Well then vanilla 4e will not do that for you.

However, this is actually easily fixable. The math is so simple that if you wanted to scale everything upwards it is mostly trivial to do so. For PCs, add one more die to the encounter powers and add 2 more die to the Daily Powers. For creatures add one more die to the rechargable powers and add 2-3 die to the encounter powers.

This is going to swing the level of damage very disproportionately so you might want to increase the amount of Healing Surges available or at least make them more easily used by players.

Or I could just keep playing 3E with Bo9S.
 

The problem with that though is the "massive damage" part.

It makes combat extremely swingy. This was exactly what you saw in epic level 3.5 play. Yes, the characters (whether PC's or bad guys) could do immense amount of damage. Do fantastic feats. But, the combats lasted two rounds for exactly that reason.

The whole point of smoothing off the power curve is that you don't have these massive spikes which are virtually impossible to plan around.

I get what you're saying, and to some degree I agree. But, 3e shows what happens when you can do this sort of thing. The clerics and the wizards at high levels were doing this regularly. And, fights would degrade into whoever won initiative won the fight.

You saqy this like it's abad thing. ;)

More seriously: I prefer "swingy" combat because uncertainty is fun. I'd rather play in a situation in which one die roll can send plans nd tactics down the flusher, for the good guys or the bad guys. Sometimes, the villain goes down like a punk. Sometimes,the PCs have to retreat and regroup. It is preferable by far, IMO, than knowing that, all thing being equal, I need to set aside two hours of game time for the "boss fight".
 

I'm using your quote specifically to point this out because it's a good jumping point: For anyone adding "encounter or daily recharge" to 4e,. keep in mind that many of the Paragon Paths and Epic Destinies feature encounter or Daily recharge abilities into their special class features. If you introduce a recharge in Heroic levels available to anyone, it devalues the usefulness of those special paragon and epic features at later levels. If you don't plan to go above Heroic, this works great, but it's worth thinking about for a game you plan to run into higher levels.

Yes, I think I mentioned it several posts below. I'm actually not too worried about the devaluation because it will apply across the board.

So if I institute the Action Point to recover one encounter power, everyone will have access to it whether they decide to follow the specific paragon paths or epic destinies that grant them. Since this is a "house rule" I don't mind allowing those classes that have the ability anyway, a way to gain the power from the Action Point and the power from their class ability.

I'm actually also playing with additional At-Will powers at higher levels. I have not decided where exactly yet, but the initial thought is that they'll get one additional At-Will for their class at 5th or 8th level and an additional one at 15th level. I just don't see a great balance shift by doing that and I'd prefer each character to have more options during combat instead of having to rely on the limited amount (2) of At-Will powers.
 

Or I could just keep playing 3E with Bo9S.

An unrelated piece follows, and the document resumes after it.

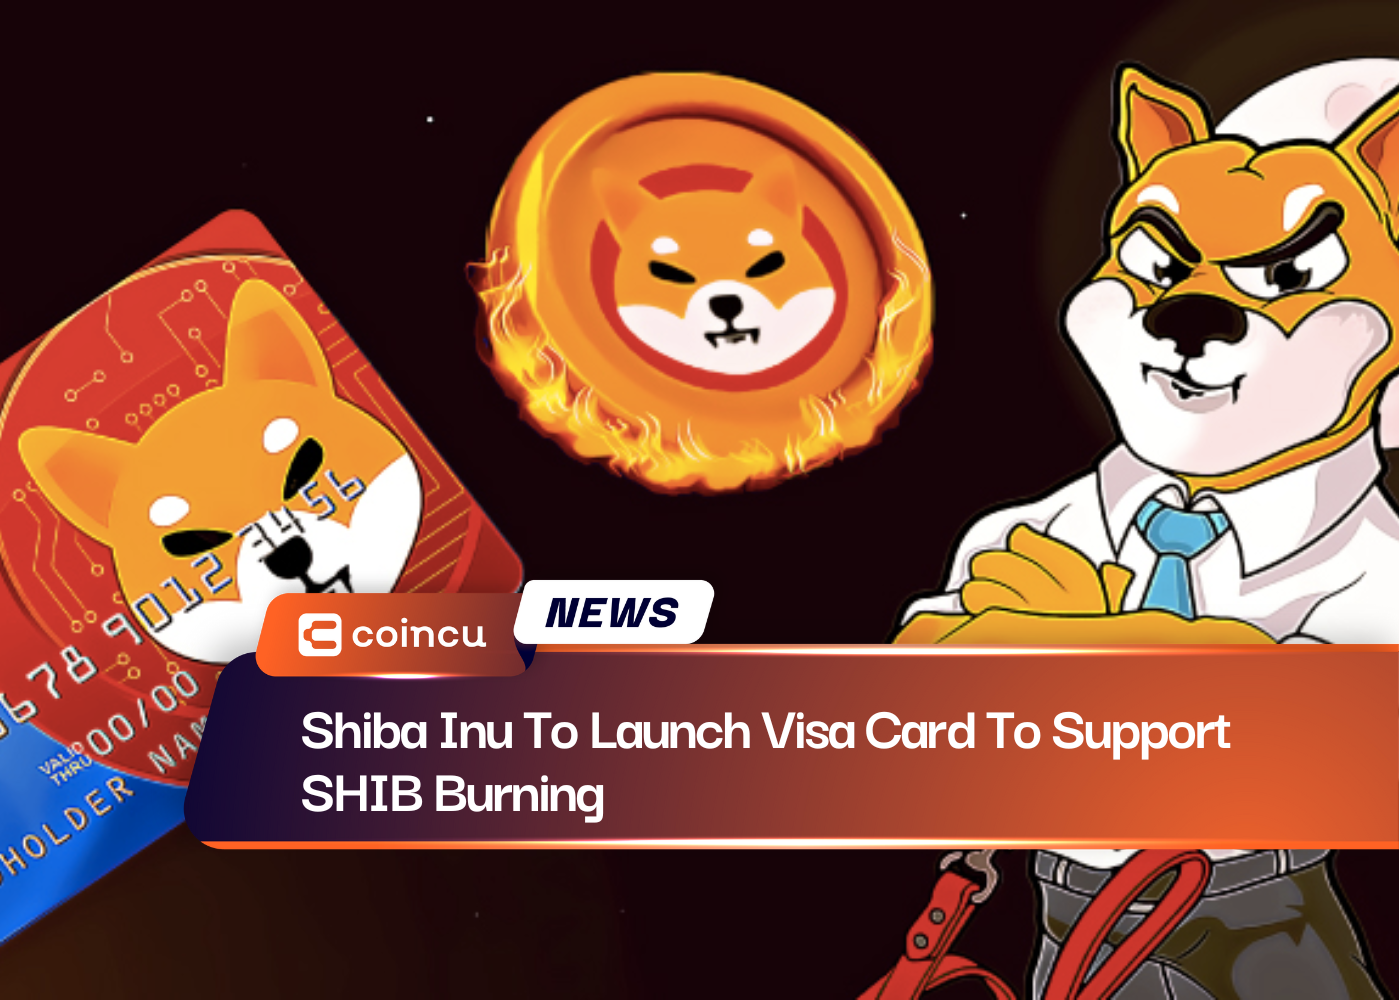 Shiba Inu To Launch Visa Card To Support SHIB Burning

You sure could. You take the good with the bad and since you have a choice then it should work for you.

It is preferable by far, IMO, than knowing that, all thing being equal, I need to set aside two hours of game time for the "boss fight".

See this I've never run into. In 3e most Boss Fights would either be over before they started (2 - 3 rounds) or became a slugfest that took multiple hours. In 4e, a good boss fight, even when the players were inexperienced, took us about one hour. Now that they know what they are doing I've never seen a fight go that long. In addition they get to do a lot more in that hour than before.